**EXERCISE AIM:** In the entries below, begin at the line with "想吃烤鸡别去买了,在家做这样腌,皮脆肉嫩汁水多一点儿也不柴" and stop after the line with "Changhong/长虹 S"; output those lines exactly and omit the pictures.

**EXERCISE INPUTS:**
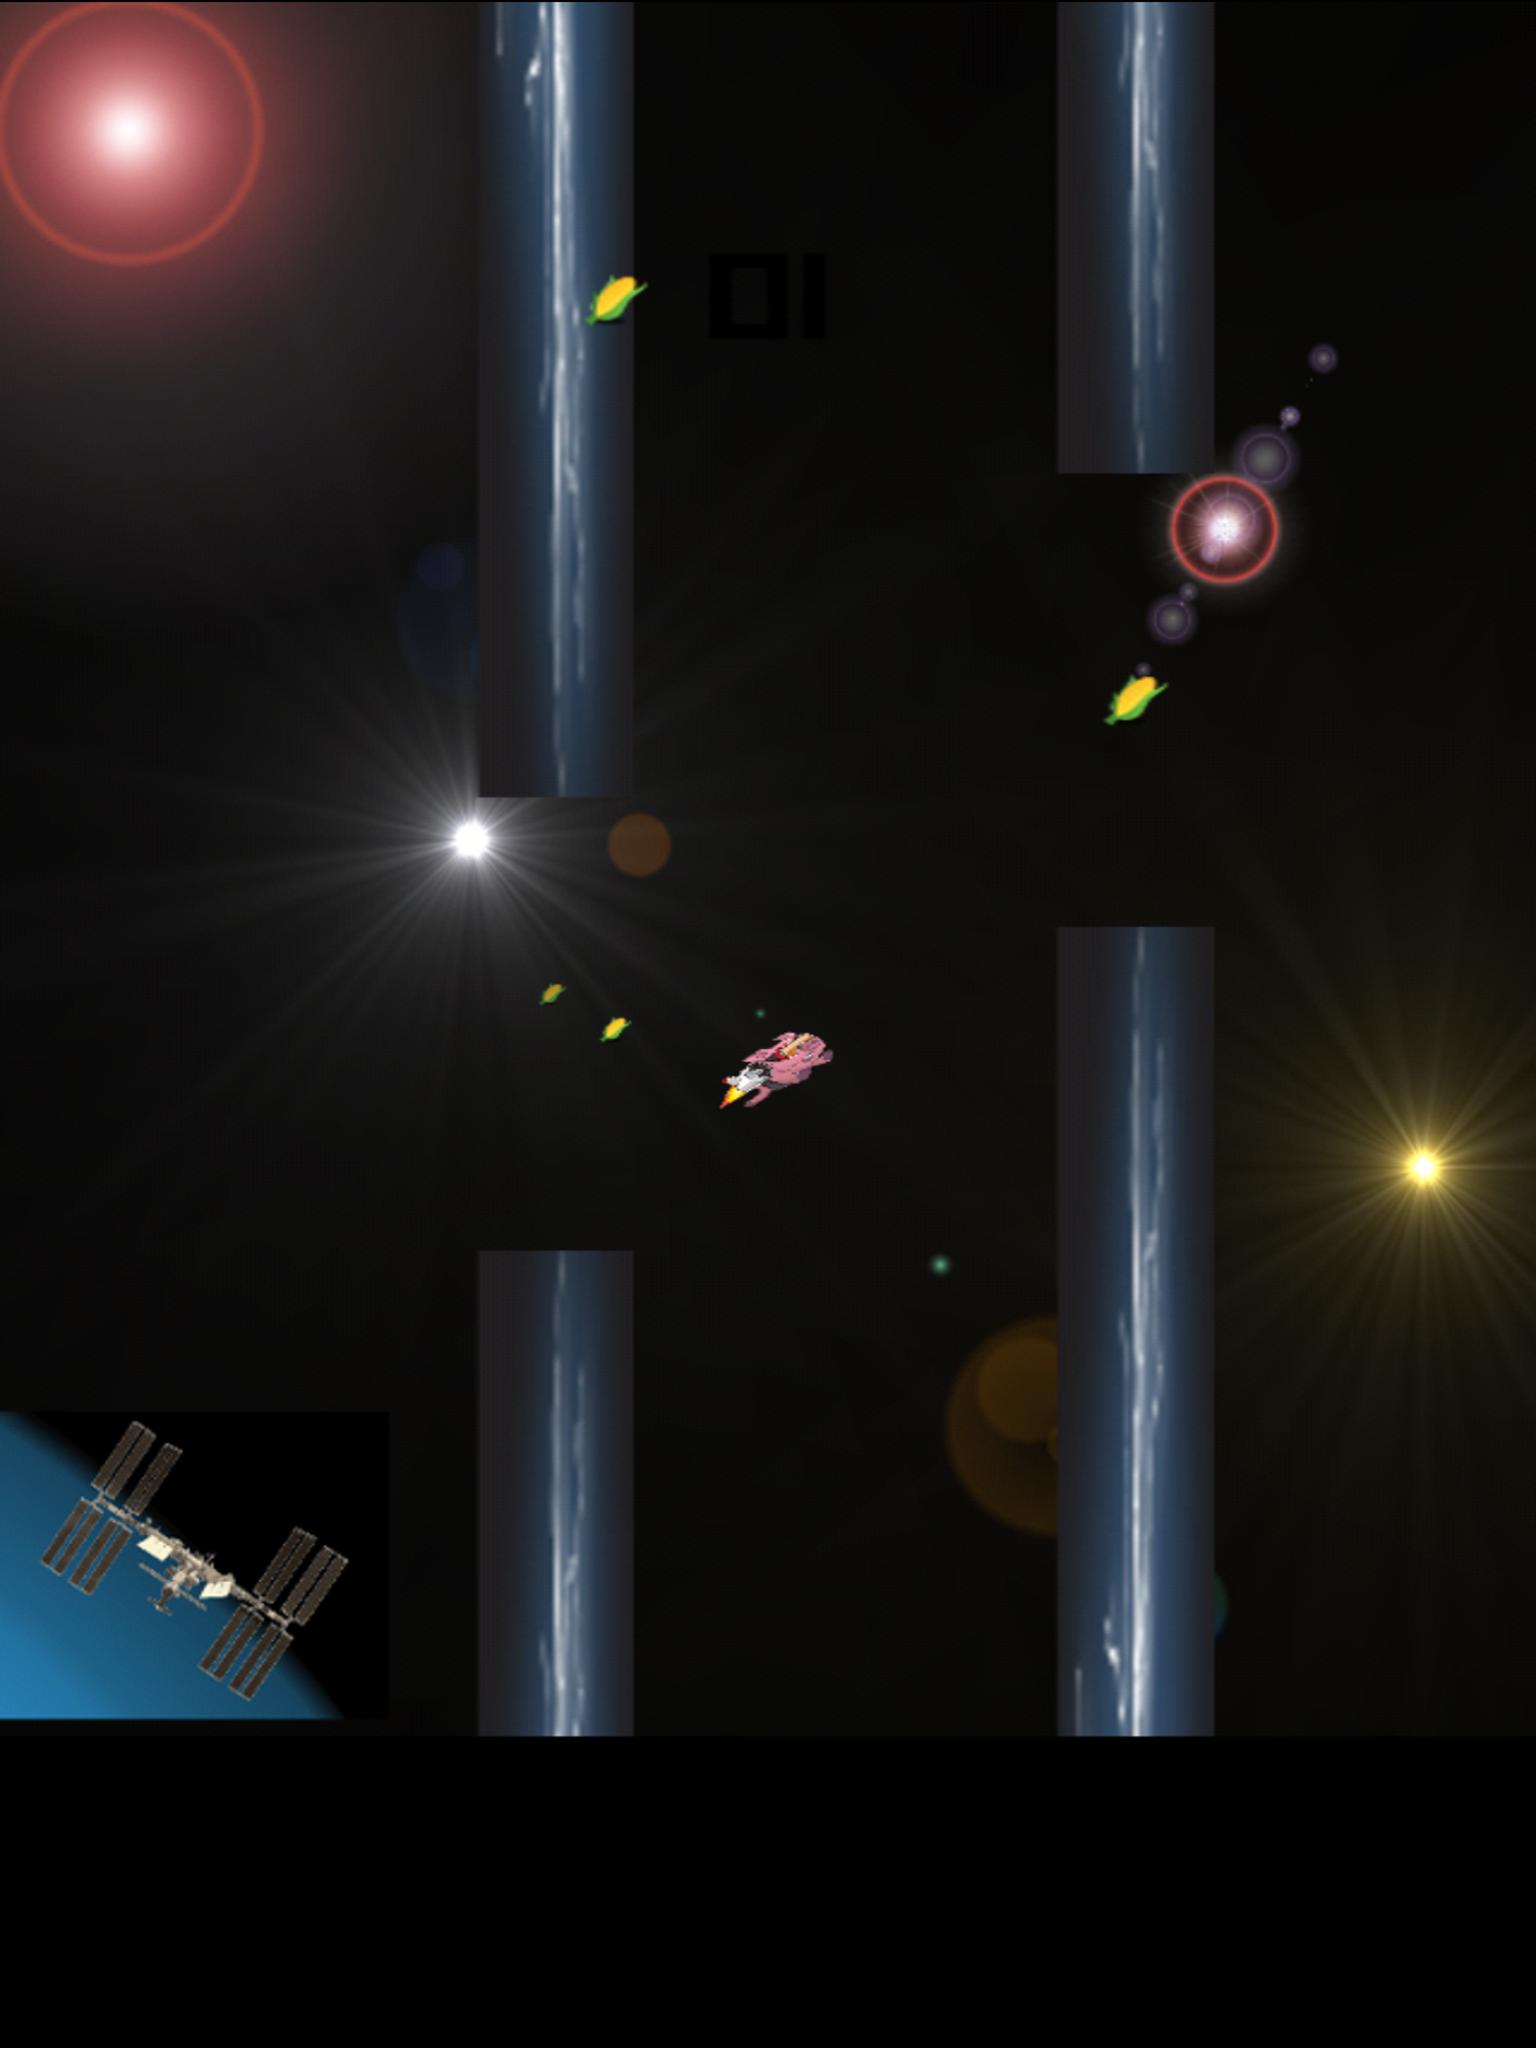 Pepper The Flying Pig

* * *

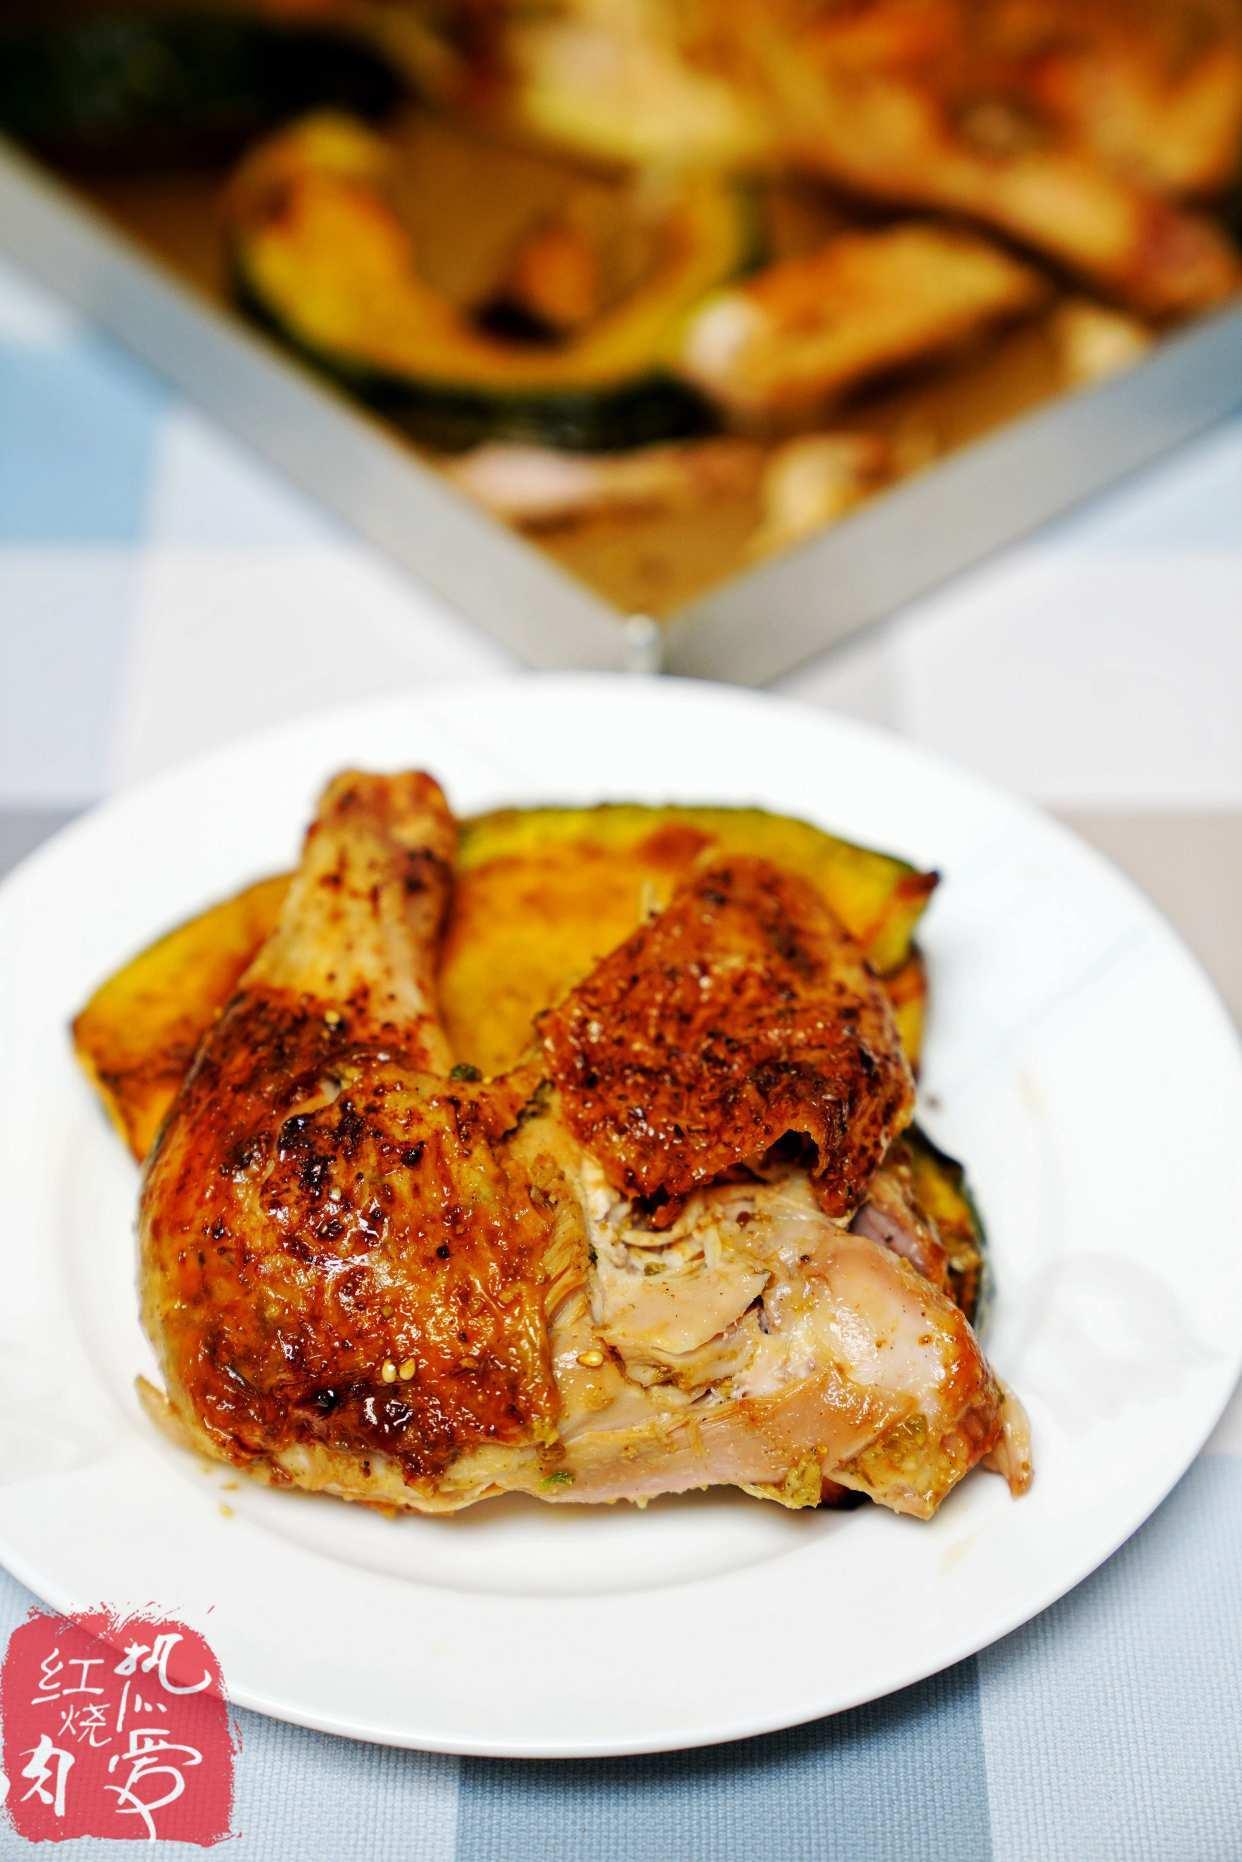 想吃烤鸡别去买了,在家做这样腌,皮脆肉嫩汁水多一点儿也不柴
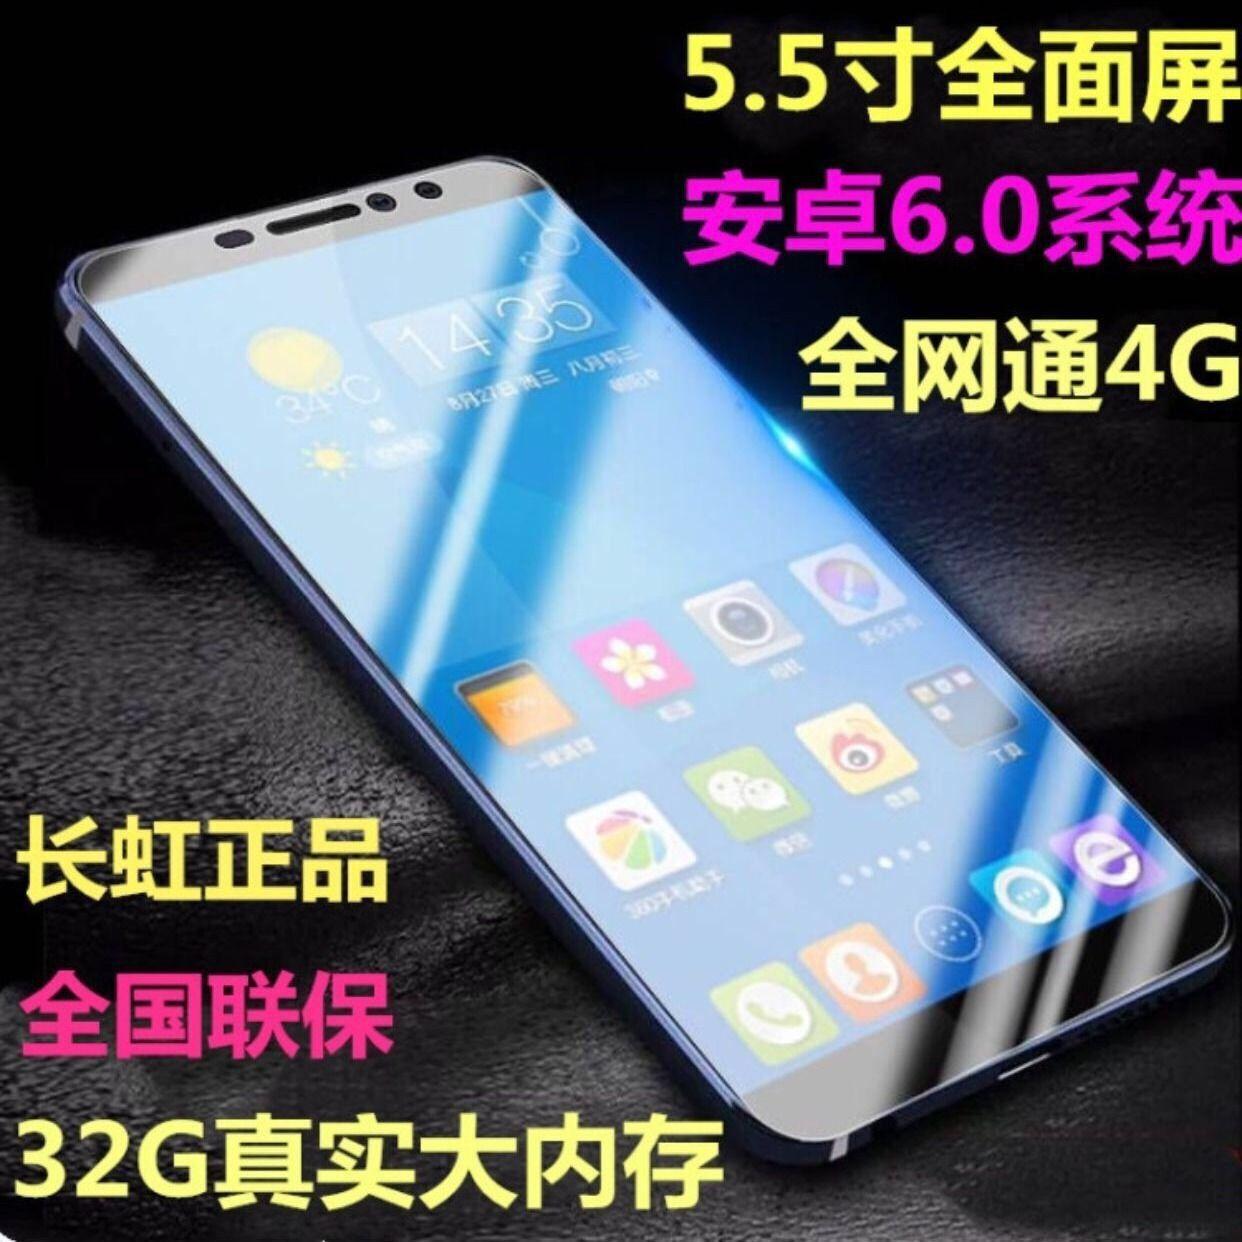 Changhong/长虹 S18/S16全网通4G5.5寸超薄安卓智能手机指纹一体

**TASK RESPONSE:**
 想吃烤鸡别去买了,在家做这样腌,皮脆肉嫩汁水多一点儿也不柴
 Changhong/长虹 S18/S16全网通4G5.5寸超薄安卓智能手机指纹一体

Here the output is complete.